On his tombstone in Arlington National Cemetery, William O. Douglas is
identified correctly as a former justice of the United States Supreme
Court, and incorrectly as a former member of the United States armed
forces. The error is significant, not only because Arlington National
Cemetery reserves its plots for distinguished veterans but because Douglas
himself was willfully responsible for the mistake. For 10 weeks at the end
of World War I, the 20-year-old Douglas served in the Whitman College
regiment of the Students' Army Training Corps in Walla Walla, Wash., where
he and his fellow trainees conducted unarmed predawn marches in their
street clothes against imaginary enemies.
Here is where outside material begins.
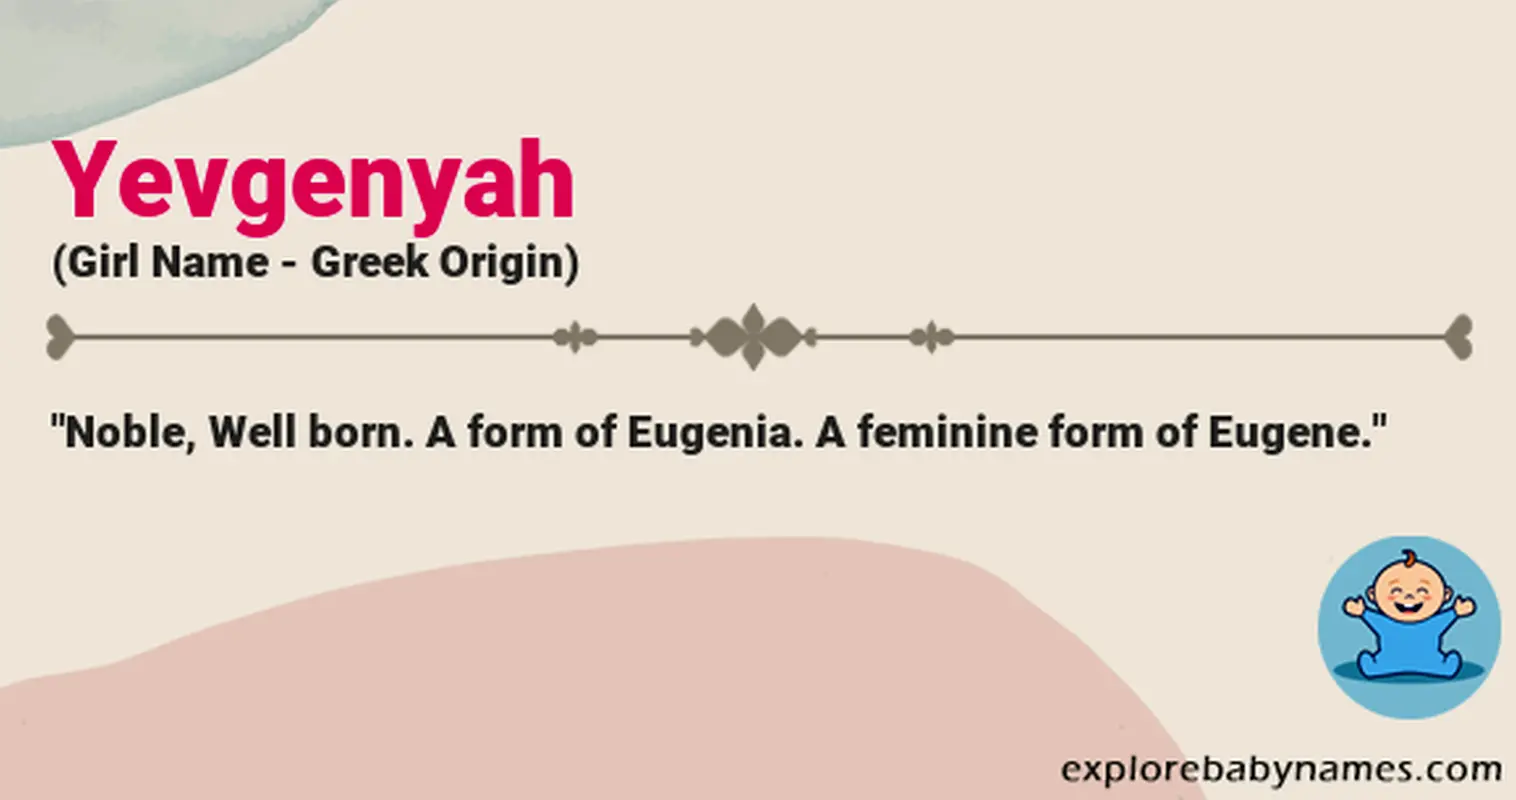 Meaning of Yevgenyah

He later described his wartime
experience as a three-month stint in Europe as an Army private, and
recorded some of the putative details in an autobiography as well as a
Supreme Court opinion.

How did a prominent public figure manage to lie about such a central fact
of his biography? Probably the same way he lied about everything else:
flagrantly, easily and in the service of his own rags-to-riches legend. In
''Of Men and Mountains,'' a personalized travel guide to his native state
of Washington, Douglas recalled his triumphant bout with polio at the age
of 2, though in fact he had suffered from an intestinal colic. He
frequently lied about his years as a student at Columbia Law School,
falsely boasting, for example, that he had graduated second in his class.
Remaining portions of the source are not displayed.